Amplified products were sequenced directly by using the ABI PRISM dye terminator cycle sequencing ready reaction kit with AmpliTaq DNA polymerase FS and a 373 DNA sequencer (Applied Biosystems). Sequence analyses were carried out by using the PC/gene software (Intelligenetics).

{blacksquare} Serotype-specific RT–PCR.
Nine pairs of primers were subsequently designed, each pair corresponding to a separate AHSV serotype but including a serogroup-specific (forward) primer and a serotype-specific (reverse) primer (Table 2). The forward primer P20 used with the reverse primers 1N229, 3N228, 4N353, 6N355, 7N359 and 9N228 amplifies segment 2 of AHSV serotypes 1, 3, 4, 6, 7 and 9, respectively. The forward primer P95 used with the reverse primers 2N228 and 5N358 amplifies segment 2 of AHSV serotypes 2 and 5, respectively, and the forward primer P2100 used with the reverse primer 8N2778 amplifies segment 2 of AHSV serotype 8.

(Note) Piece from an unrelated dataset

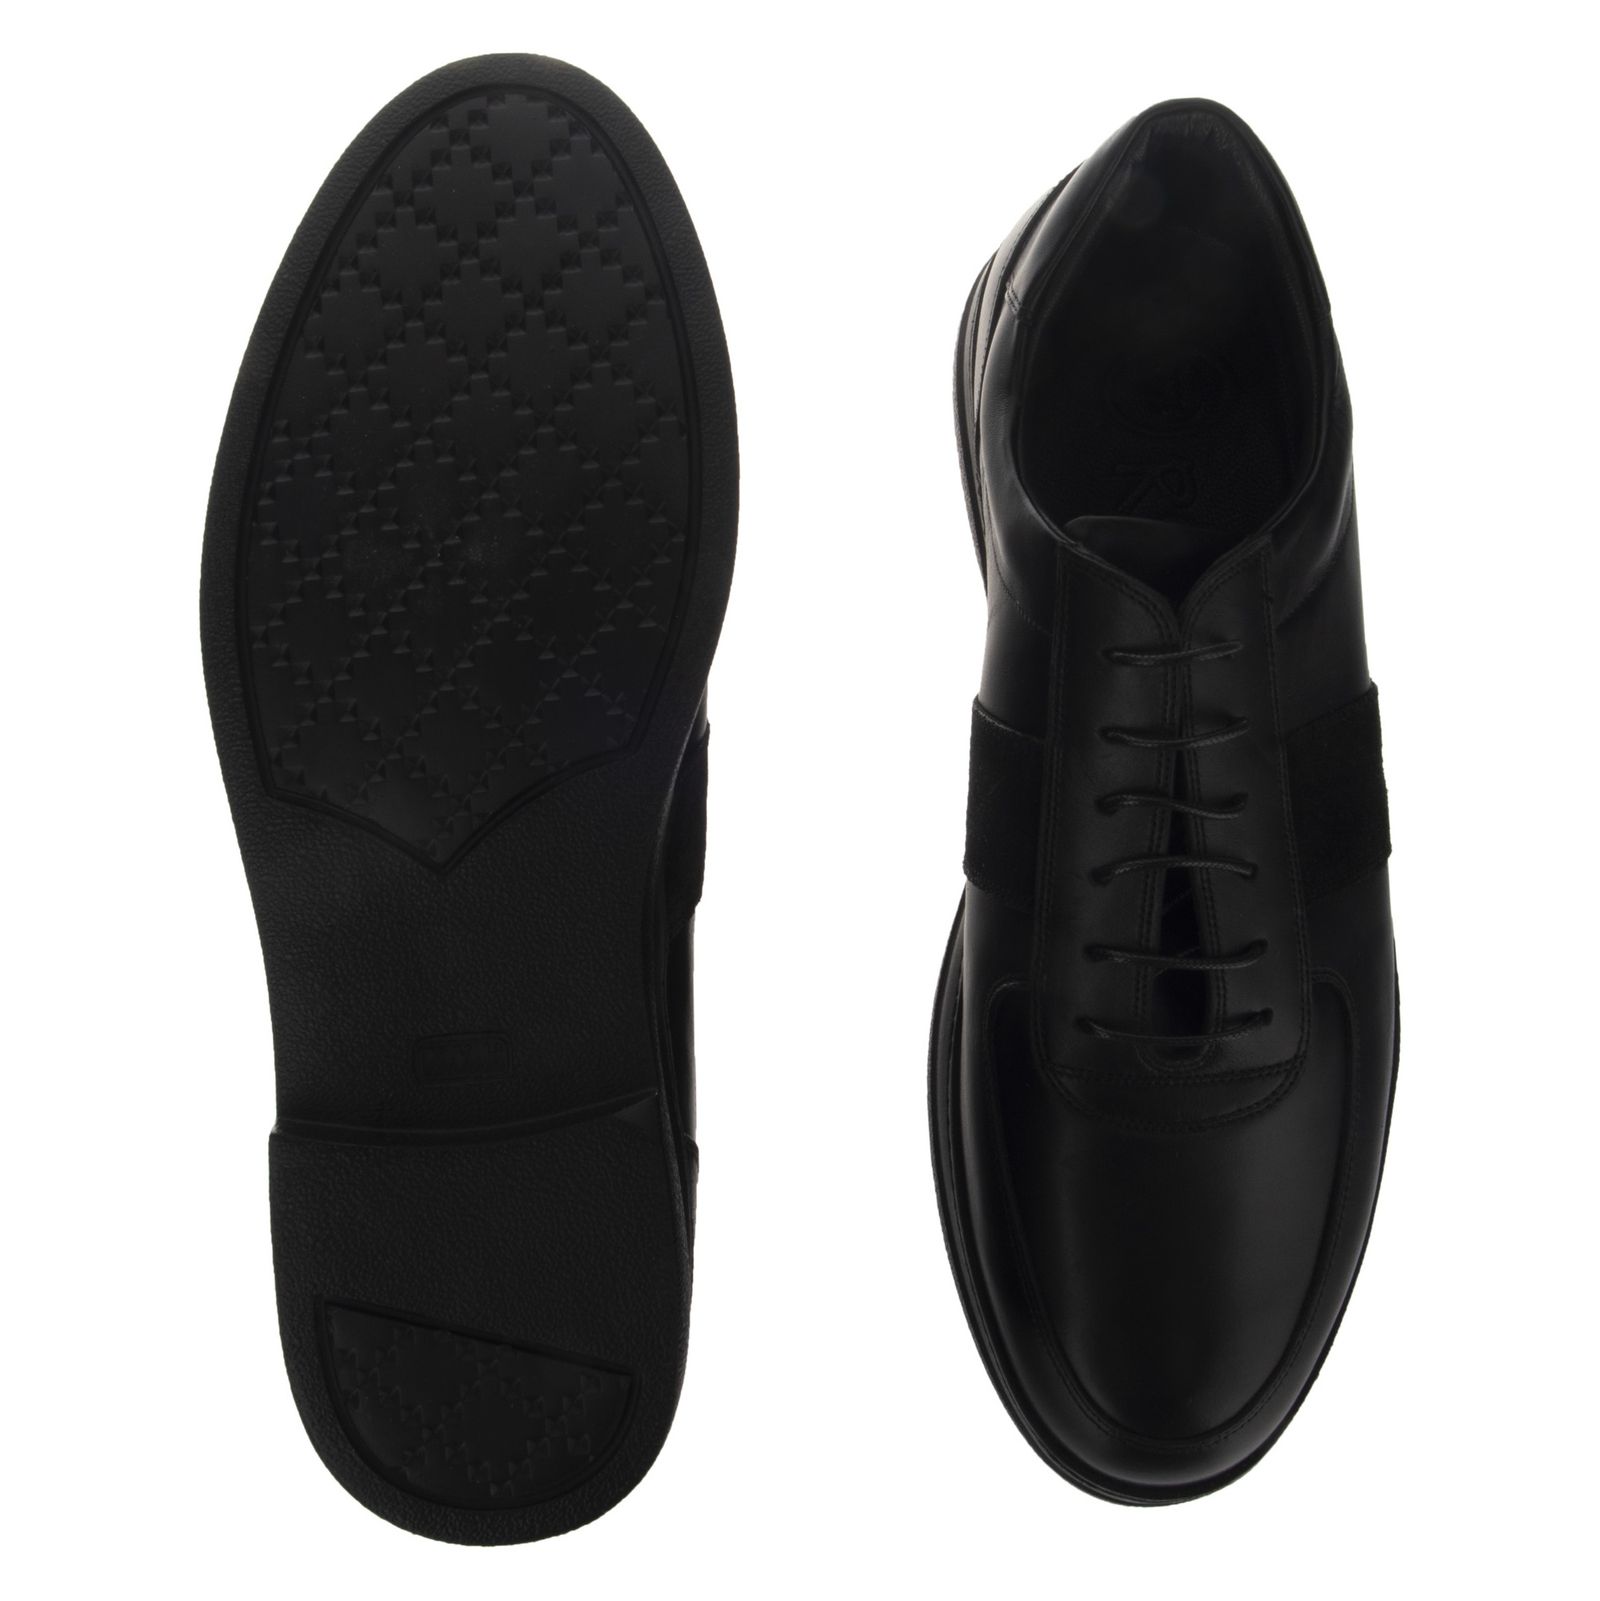 کفش روزمره مردانه اورسی مدل 919-27 - مشکی - 4

Four µl denatured RNA obtained from AHSV was added to 50 µl reaction mix containing 10 mM Tris–HCl, pH 8·8, 50 mM KCl, 200 µM of each dNTP, 1·5 mM MgCl2, 0·1 mg/ml gelatine and 5 pmol of each primer pair, 5 U avian myeloblastosis virus reverse transcriptase and 3·5 U Taq DNA polymerase. The conditions were optimized for each pair of primers (Table 3). RNA was reverse-transcribed at 42 °C for 45 min and the cDNA was amplified for either 30, 35 or 40 cycles of 95 °C for 1 min, either 48, 50 or 52 °C for 1 min and 70 °C for 2 min, with a terminal extension at 70 °C for 8 min. The amplified products from each of the reaction mixtures were electrophoresed across a 2·0% agarose slab gel and stained with ethidium bromide.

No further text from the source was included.